● **EXERCISE GOAL**: Whenever an image turns up, omit it and return the remaining data exactly.

● **EXERCISE DATA**:
○ ○ ○ ○ ○ ○ ○

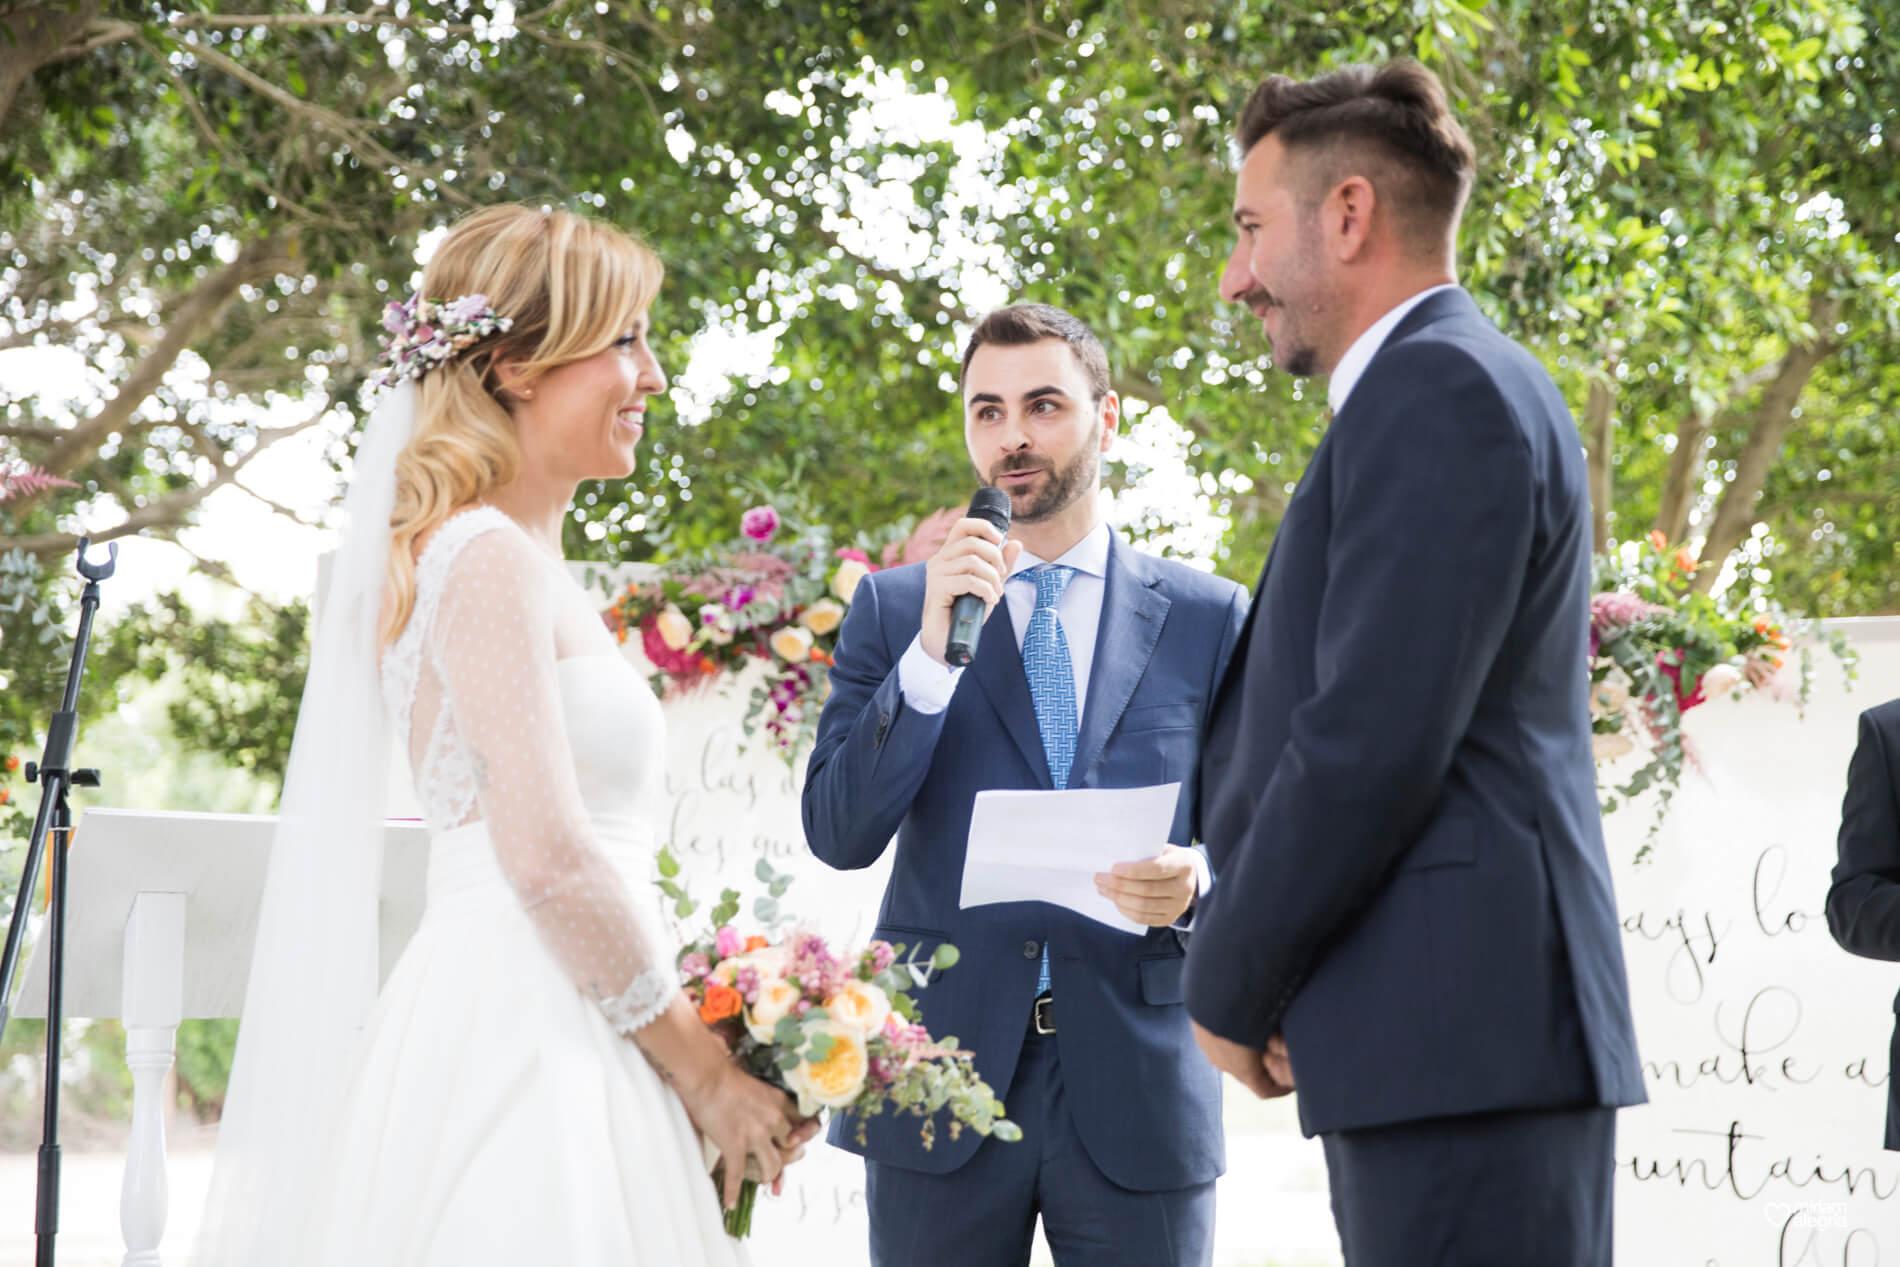 boda-en-finca-villa-vera-de-alemc7-miriam-alegria-fotografos-boda-murcia-59
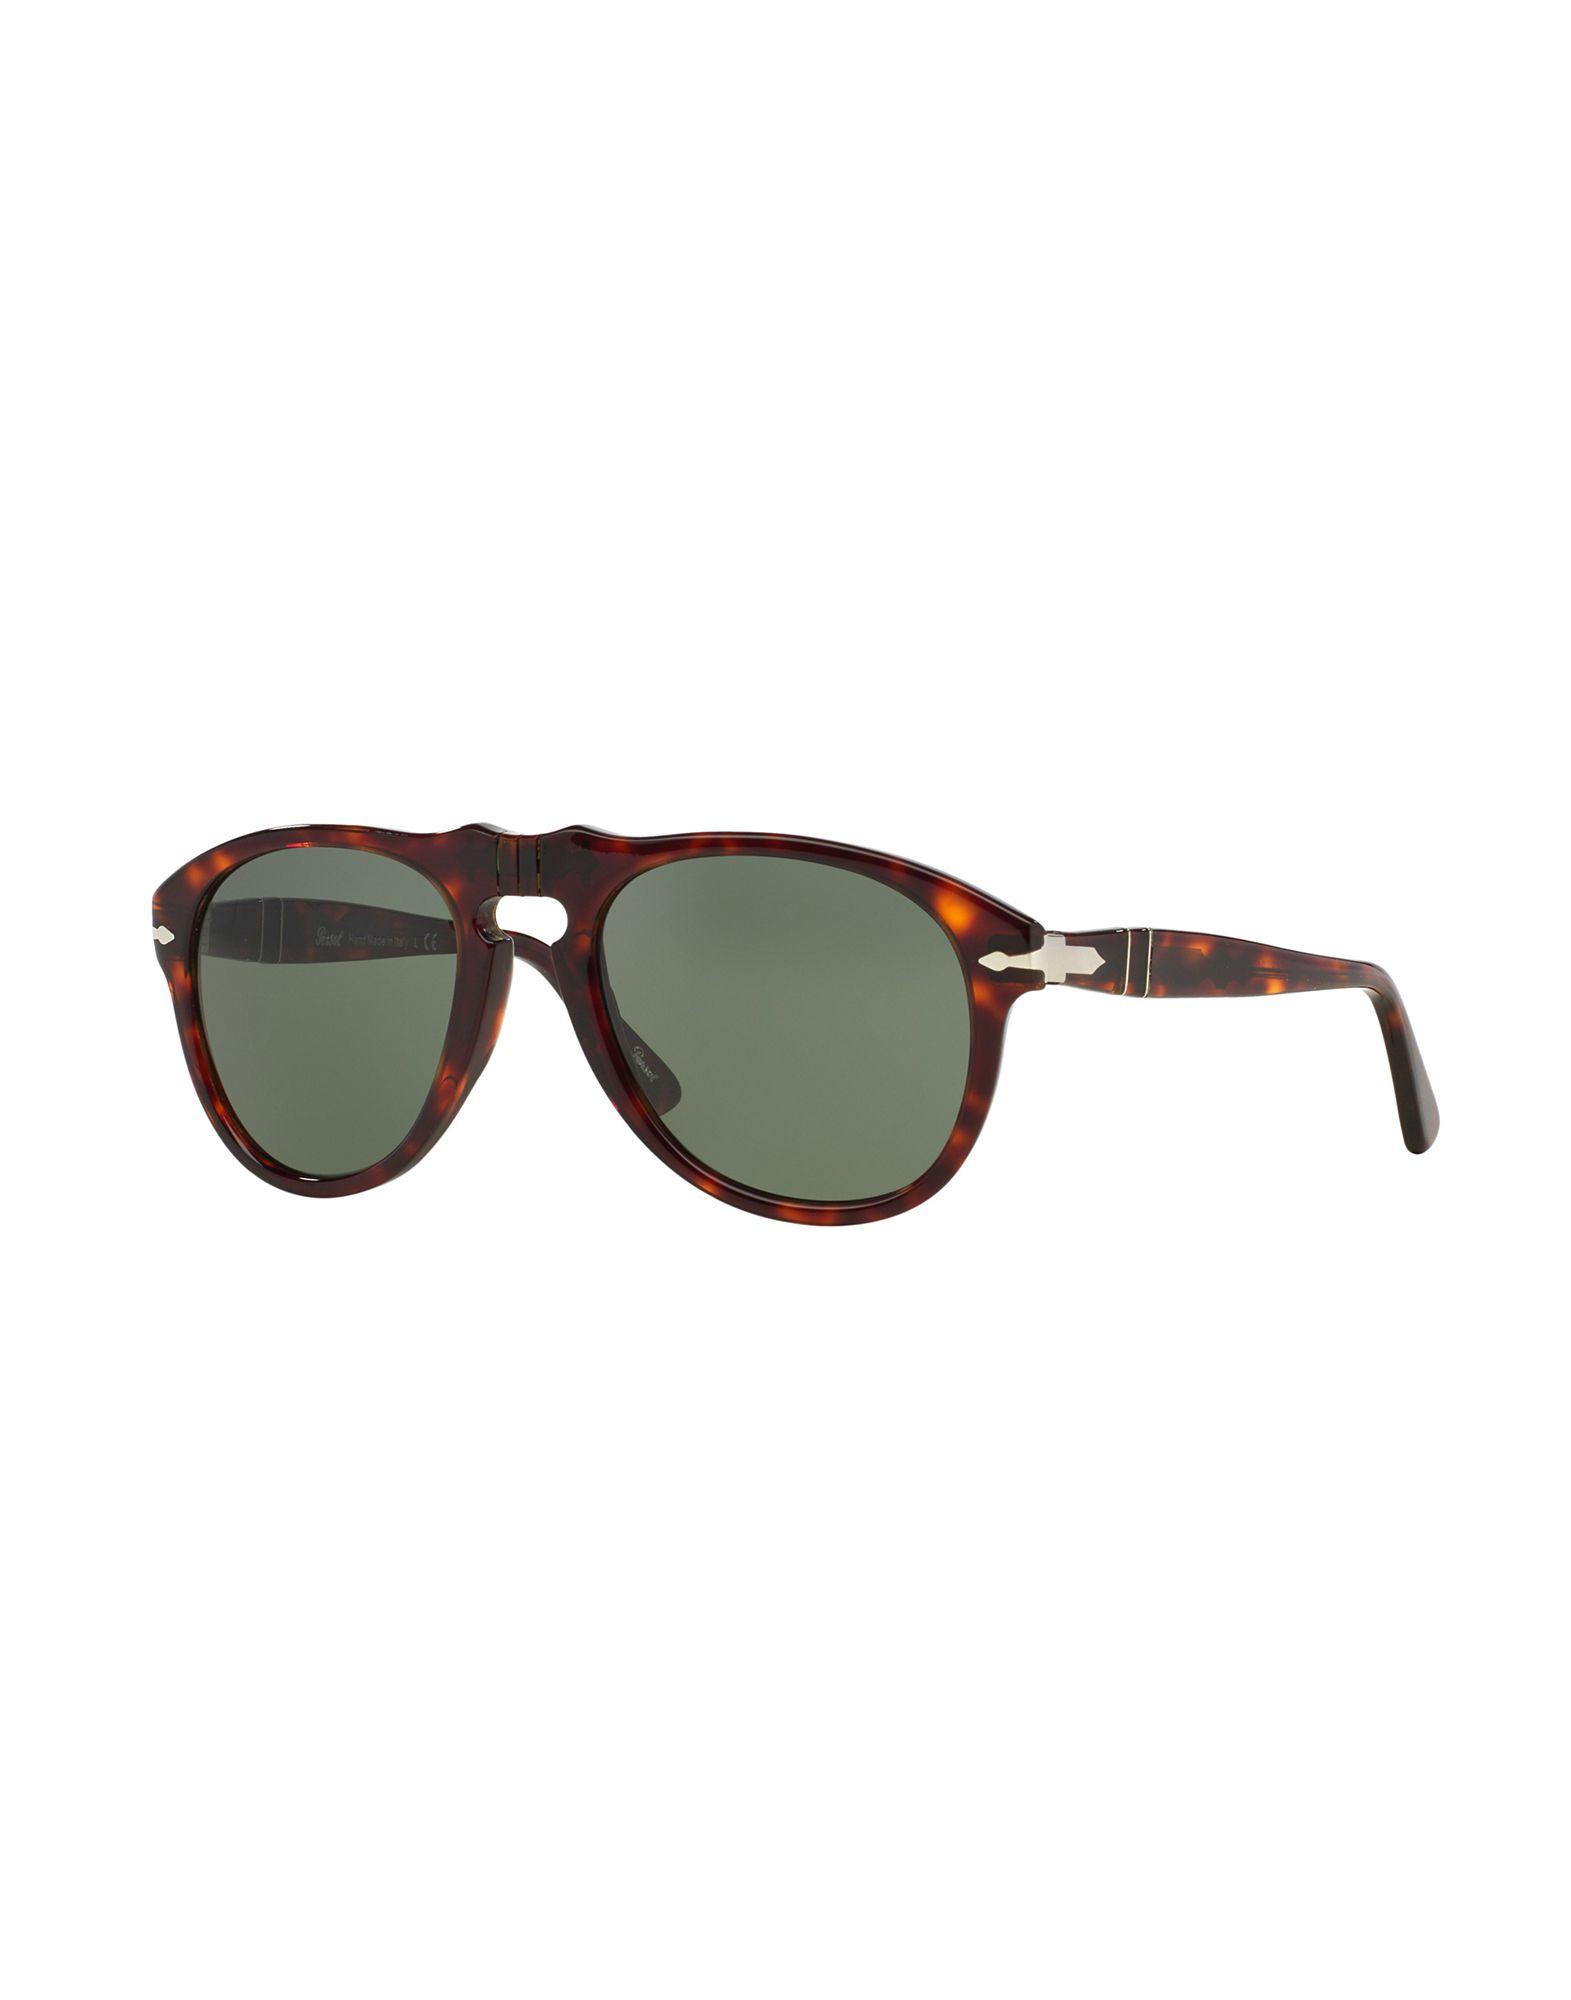 683c8e191e Persol Po0649 - Sunglasses - Men Persol Sunglasses online on YOOX ...
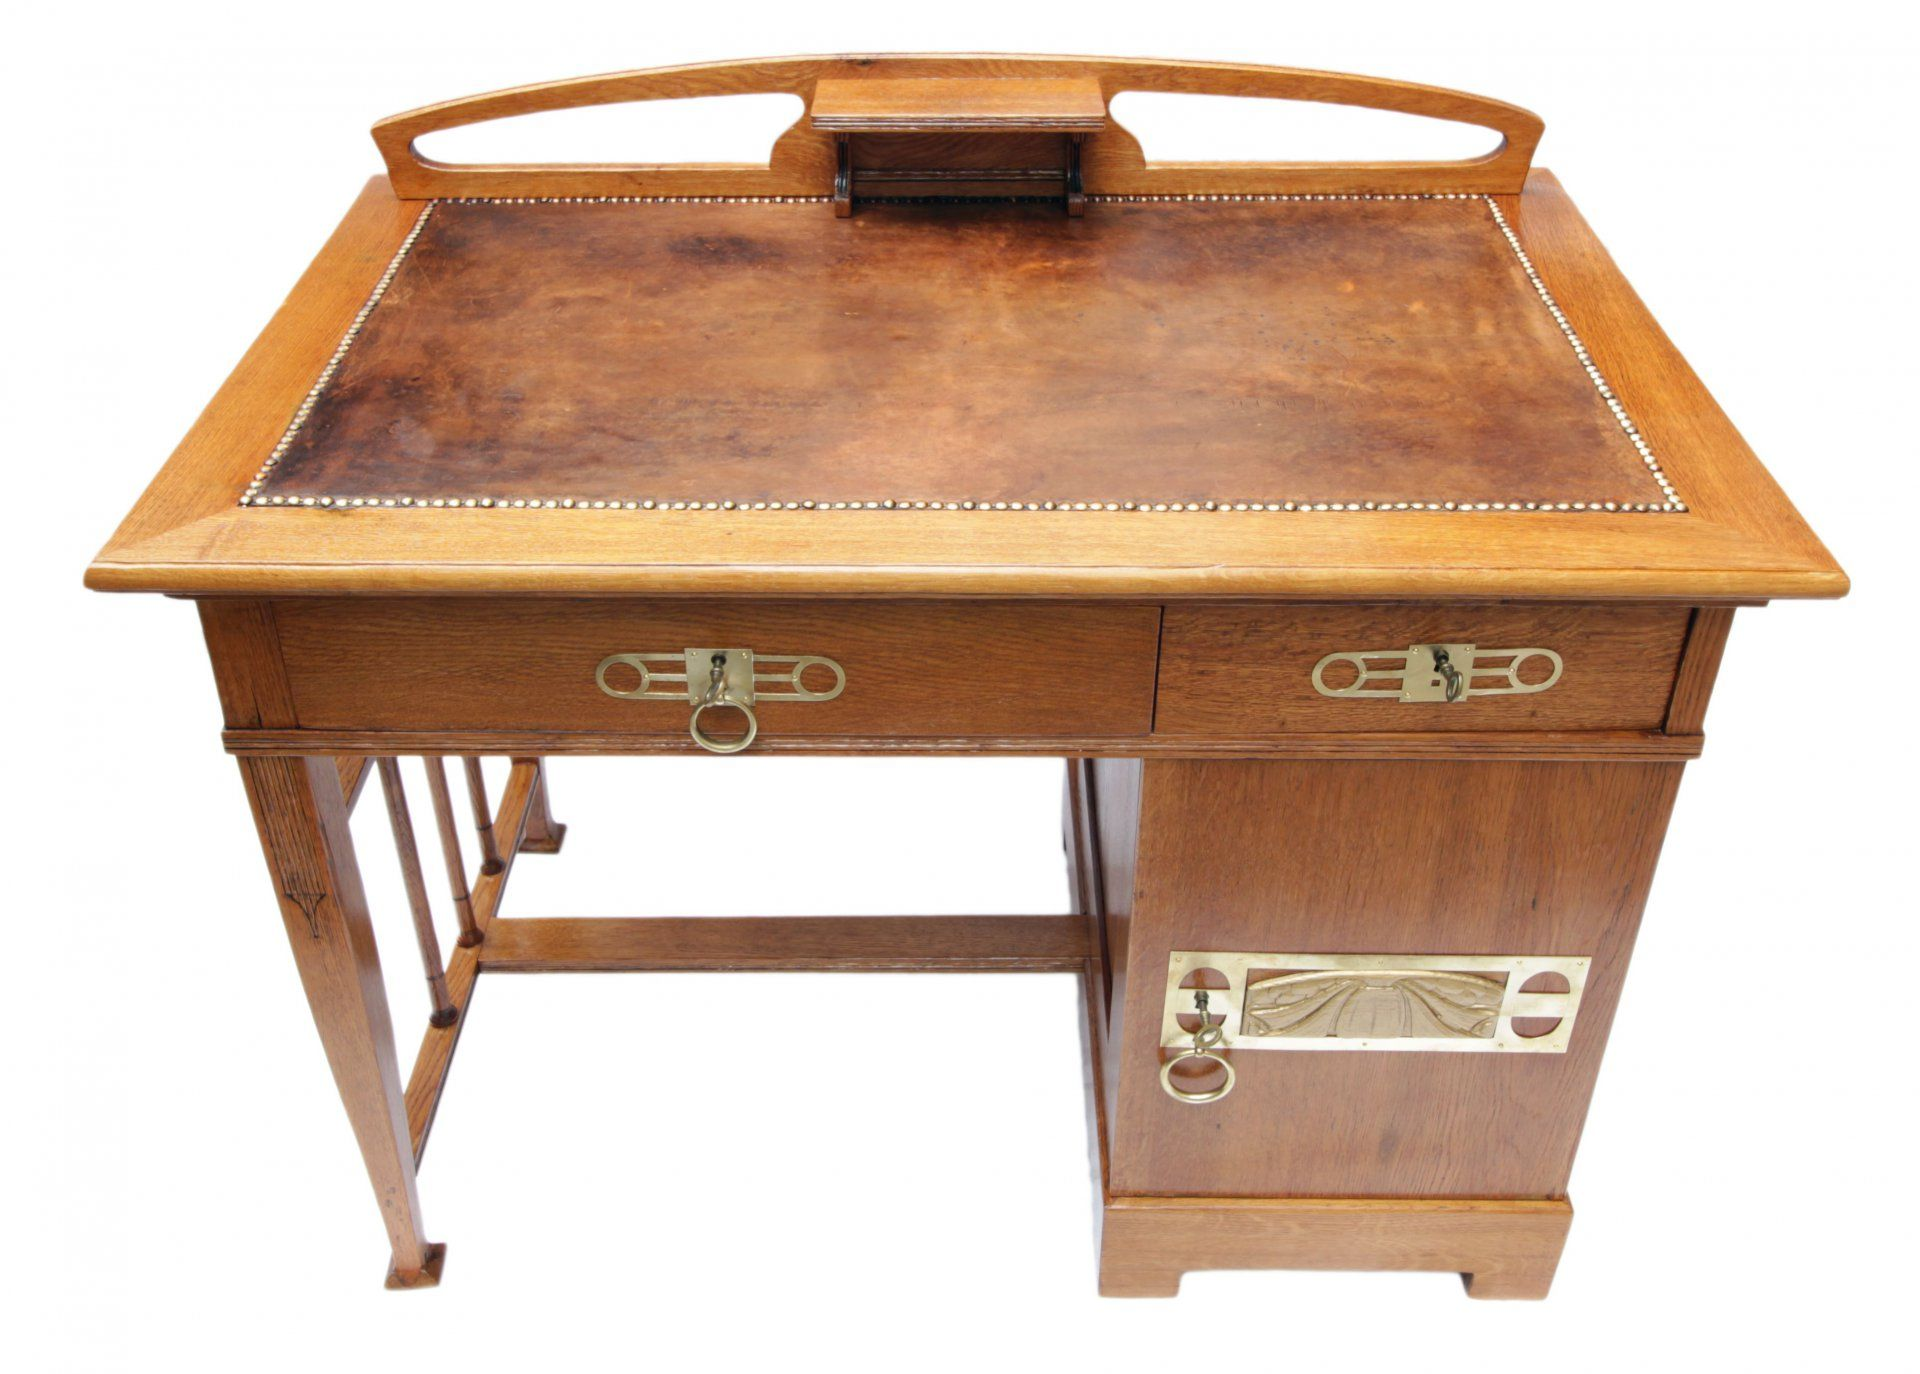 verkauft kleiner schreibtisch eiche jugendstil antiquit ten antik m bel jugendstil. Black Bedroom Furniture Sets. Home Design Ideas

○ ○ ○ ○ ○ ○ ○

● **REPLY TO THE TASK**:
 boda-en-finca-villa-vera-de-alemc7-miriam-alegria-fotografos-boda-murcia-59
 683c8e191e Persol Po0649 - Sunglasses - Men Persol Sunglasses online on YOOX ...
 verkauft kleiner schreibtisch eiche jugendstil antiquit ten antik m bel jugendstil. Black Bedroom Furniture Sets. Home Design Ideas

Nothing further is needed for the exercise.